Ethical questions about health care

A recent article in Time notes that the typical American way to address our economic problems, particularly related to heath care, is evasion and denial. They suggest that this is even truer of the underlying ethical issues regarding health care that need to be addressed by our society. They cite such questions as “When should aggressive treatment be limited for someone who is terminally ill?” “Does everyone deserve the same care?” “Is medical progress always a good thing?” “How much happiness do people deserve?” that get answered by default if we don’t address them ahead of time.

It is clear that what they are saying is right. If we don’t address these ethical questions as a society we will blindly proceed with our dysfunctional system of care and economic forces will prevail.

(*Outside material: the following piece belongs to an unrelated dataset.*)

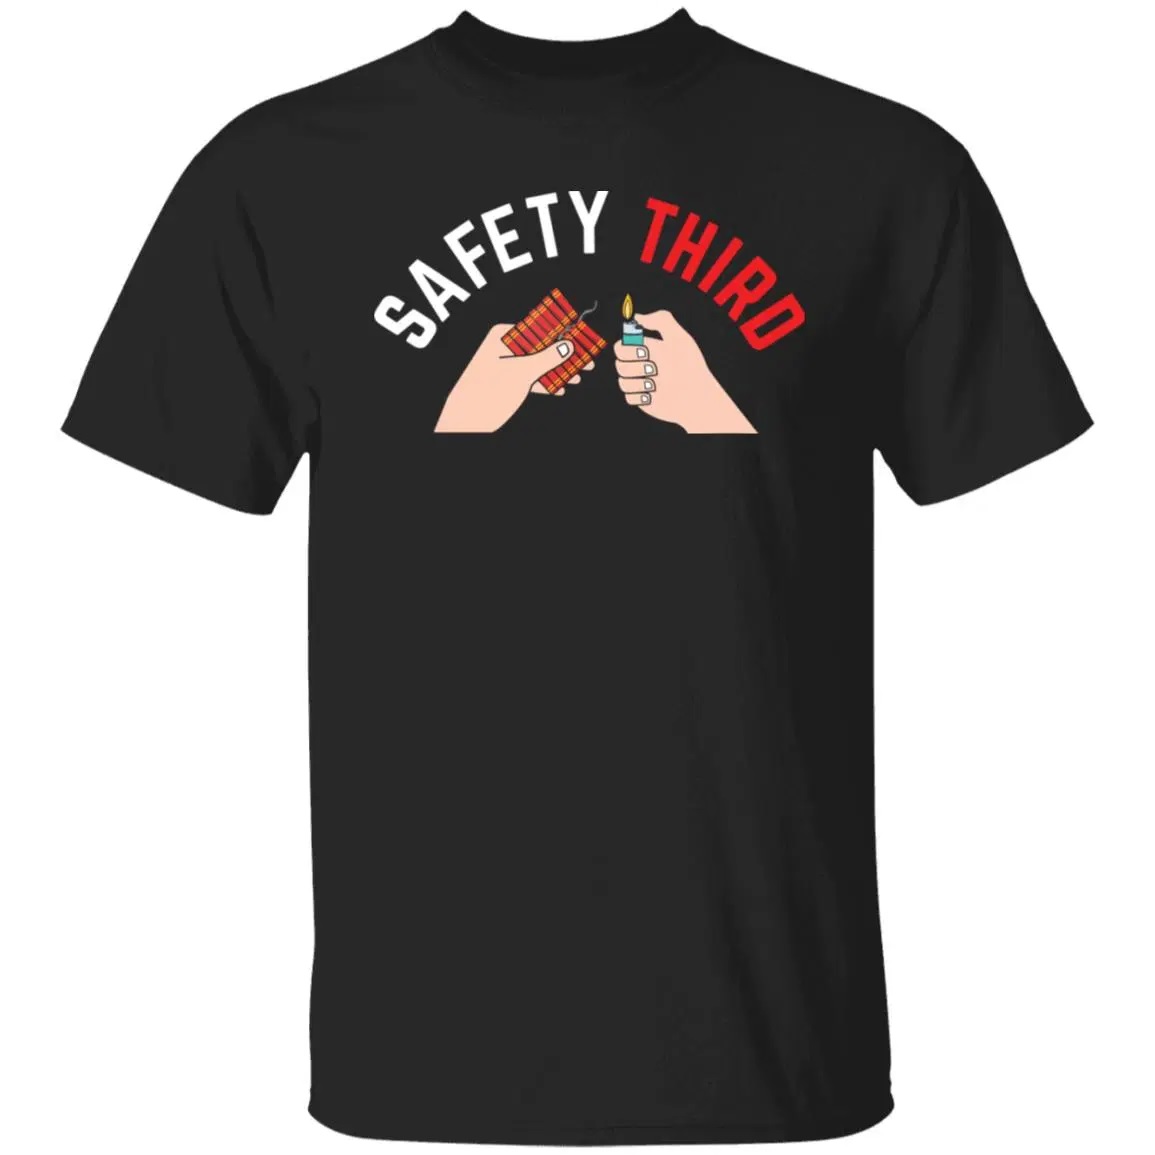 4th Of July Patriotic Fireworks Safety Third Shirt

The question is what to do about it. How do we get our society to think about these things and come to a consensus for the good of all? Sometimes government can help, many times in response to something. After Tuskegee we got the Belmont report. After court cases about stopping life-sustaining care there was a presidential commission to address that. When President Bush had to address human embryonic stem cell research we got the President’s Council on Bioethics that tried to be a forum for national discussion of broad underlying issues in bioethics. Some times government focuses more on specific policy issues as is the agenda for the current Presidential Commission for the Study of Bioethical Issues.

However, what government does is not enough. Organizations like CBHD can play a major role in helping to define the issues and engaging people in the conversation. Those of us involved in the church and in education can also play a significant role. Having discussions in our churches can help people engage these questions in a Christian context. Helping students to think about these issues can prepare future leaders to be ready to lead the discussion in the future. Each one of us has a part we can play in helping our society think about these issues so that we are not led blindly into the future by economic forces alone.